Vehicle hire company Northgate plc has returned to growth after seeing reductions in demand for its offering in both its UK and Spanish markets.
The firm, headquartered in Darlington, today reports a 22% rise in underlying pre-tax profit to £60.3m from £49.5m for last year.
The preliminary results for the year ended April 30 also show a profit before tax of £51.2m after last year’s £11.4m loss, which has seen debt reduced by 5% to £346.1m.
There will be a 37% rise in dividend per share to 10p per share, last year’s price being 7.3p per share.
Northgate chairman Bob Mackenzie said: “We are pleased that as a result of the work done over recent years, the business has returned to growth in both the UK and Spain, with increases in the number of vehicles on hire over the year, partly driven by the opening of new sites in the UK to increase customer coverage.

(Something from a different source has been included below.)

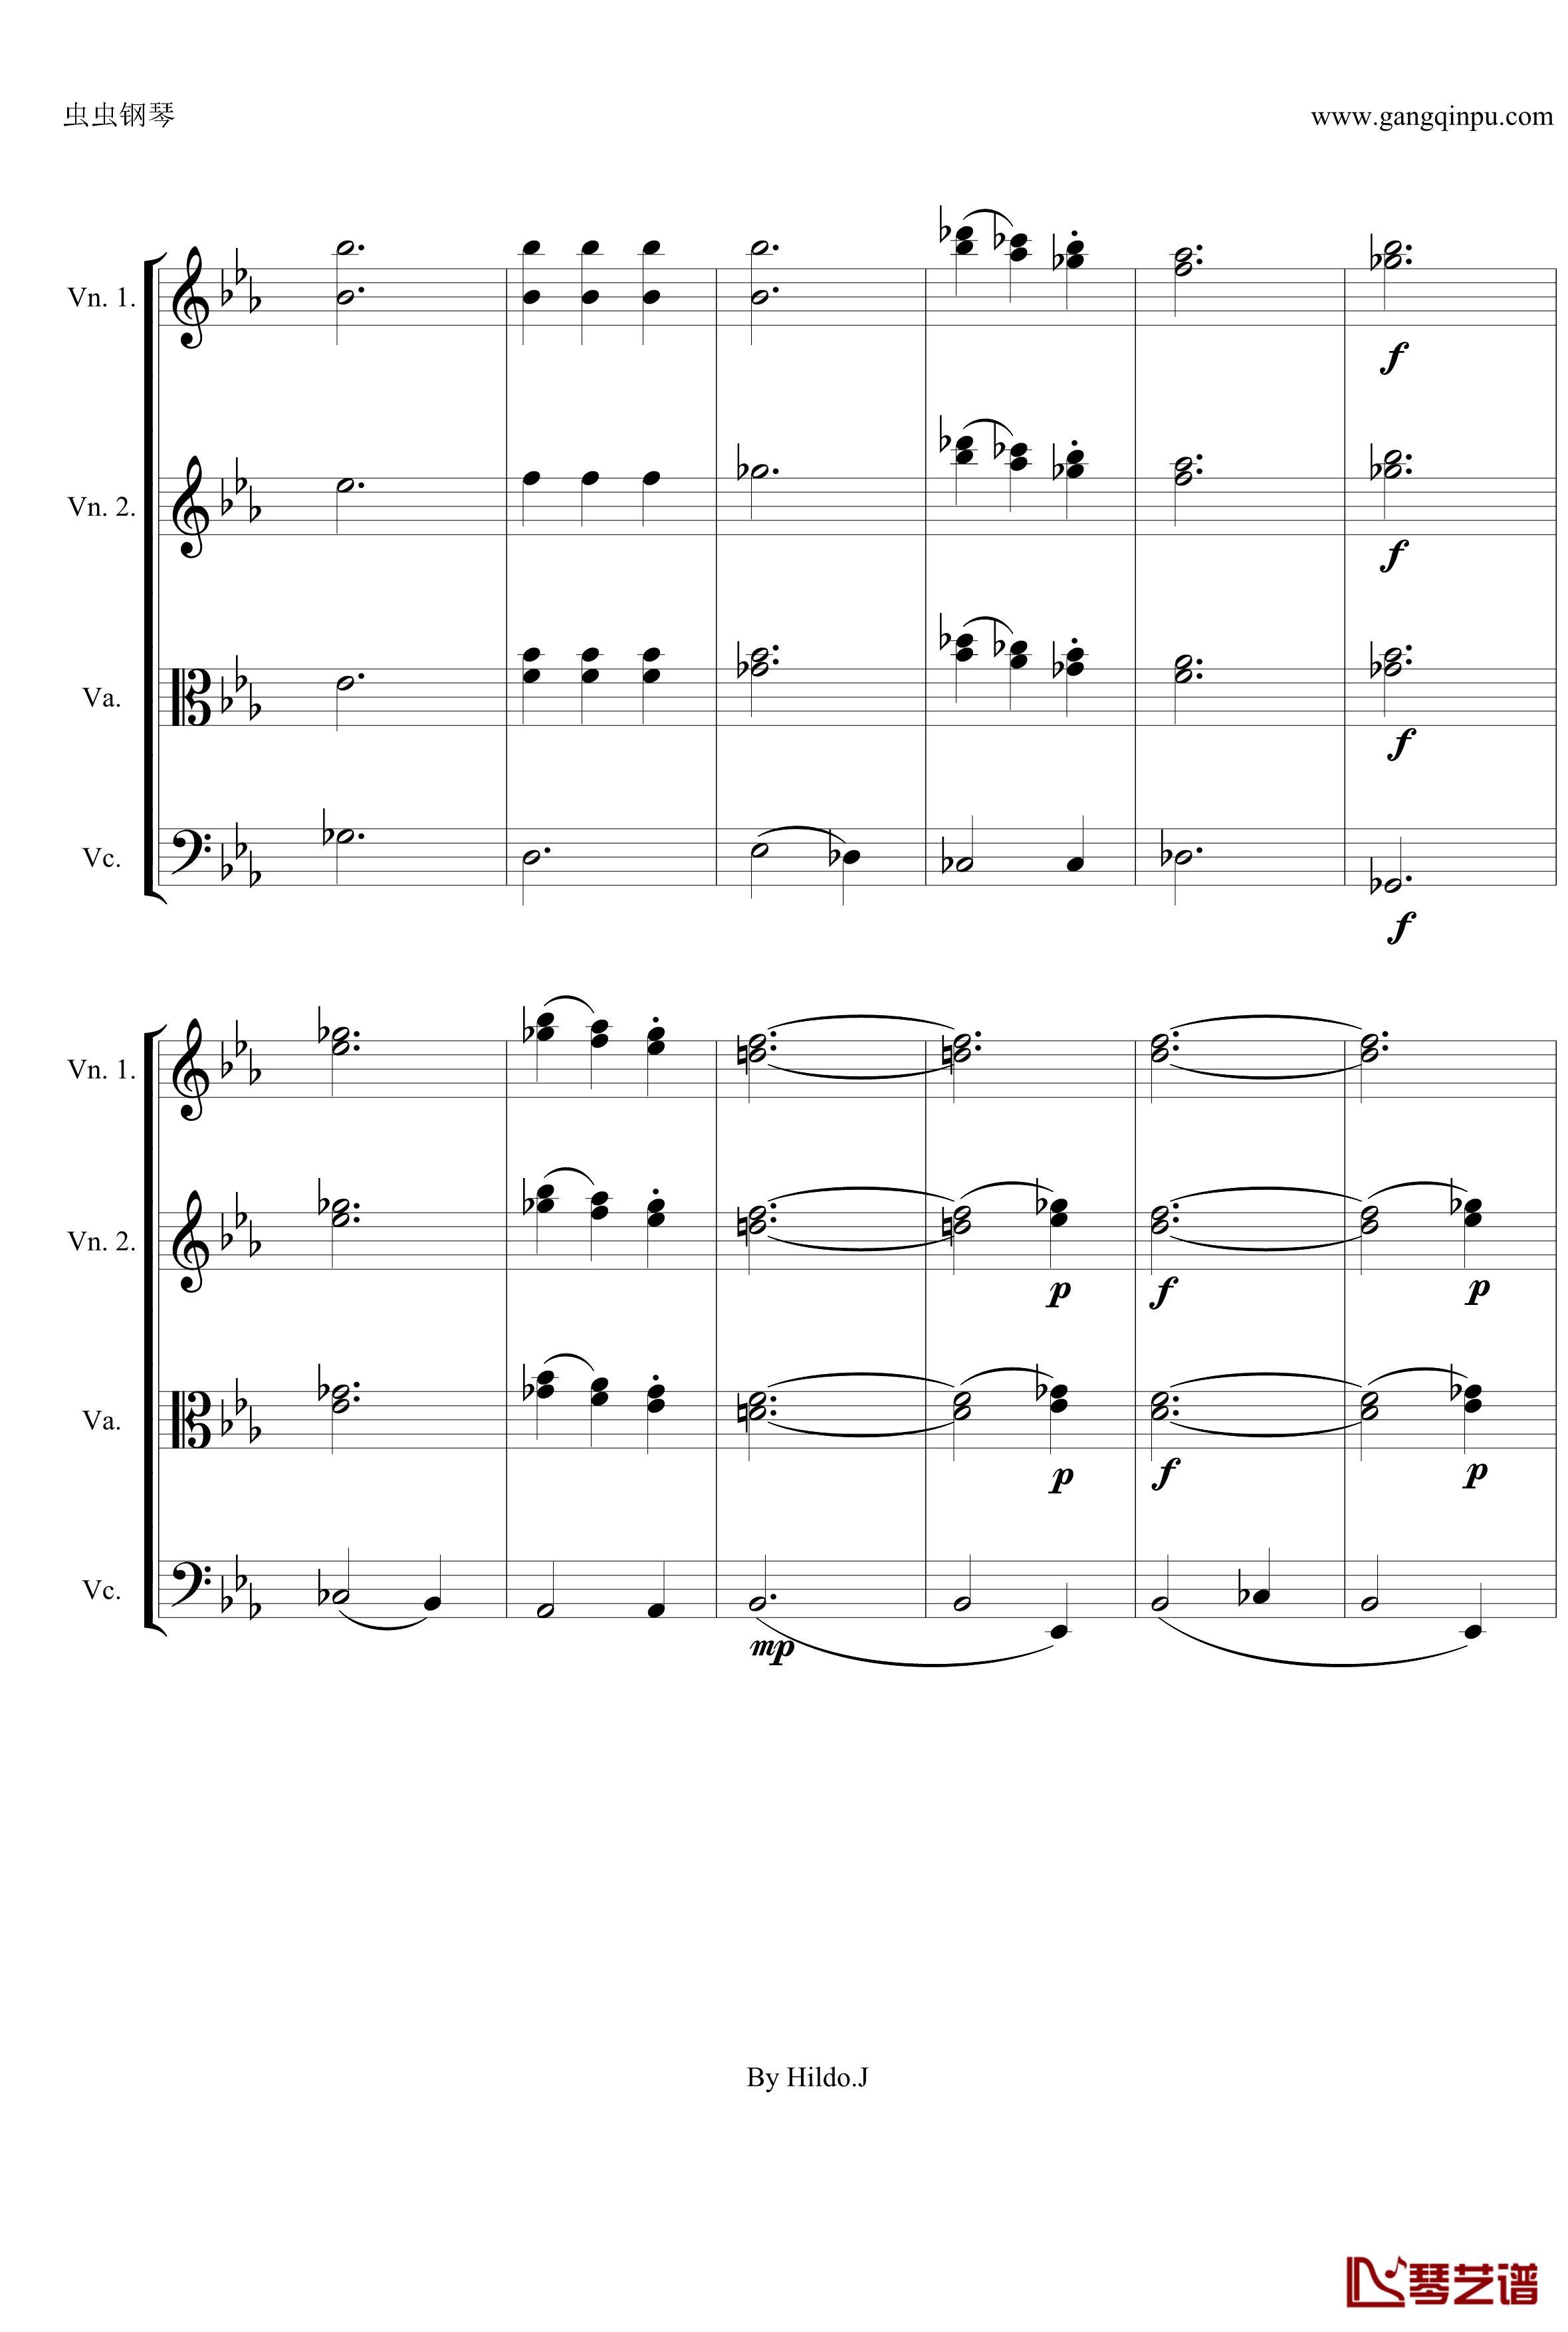 命运交响曲第三乐章钢琴谱-弦乐版-贝多芬-beethoven3

“There is good momentum in both businesses as a result of investment and changes to the commercial and operational teams and while we remain committed to investing in future growth, we believe that the strength of our balance sheet will allow us to further enhance shareholder returns through a continuation of our progressive dividend policy.
“The group continues to trade in line with our expectations and the board remains confident that the business is well positioned to maximise further opportunities for continued growth.”
He added that Northgate was growing again after five years of decline in both the UK and Spain. Growth in UK vehicle hire was 10.4%, including almost a quarter of this from seven new sites opened in London and the South East since February 2013.
In Spain 2,600 – or 8.1% – more vehicles were taken on hire, compared with a reduction of 1,900 in 2013.
Northgate has changed its approach for the South Eastern market, where its usual pattern of a customer reception area, workshop facility and considerable parking area has proved prohibitively expensive. Instead it has leased smaller site with fewer parking spaces but excellent accessibility. These sites are currently trading ahead of initial expectations and it is anticipated that a further 22 sites will open up in the next three years.
The uplift in the Spanish market is being attributed to a focus on the commercial sector which has offset declines in traditional markets with increases in higher margin SME customers.
Mackenzie added: “We will continue to focus on improved returns. This will be targeted in a number of ways, including increasing prices to our existing customer base and through a continued focus on growth with SME customers. This will build upon the 20% increase in customer numbers experienced in the year.”
He pointed out that although Northgate was strong in comparison to its nearest competitors, it was not dominant in terms of its share of the market but this provided good opportunities for growth in its core product offering of flexible vehicle hire.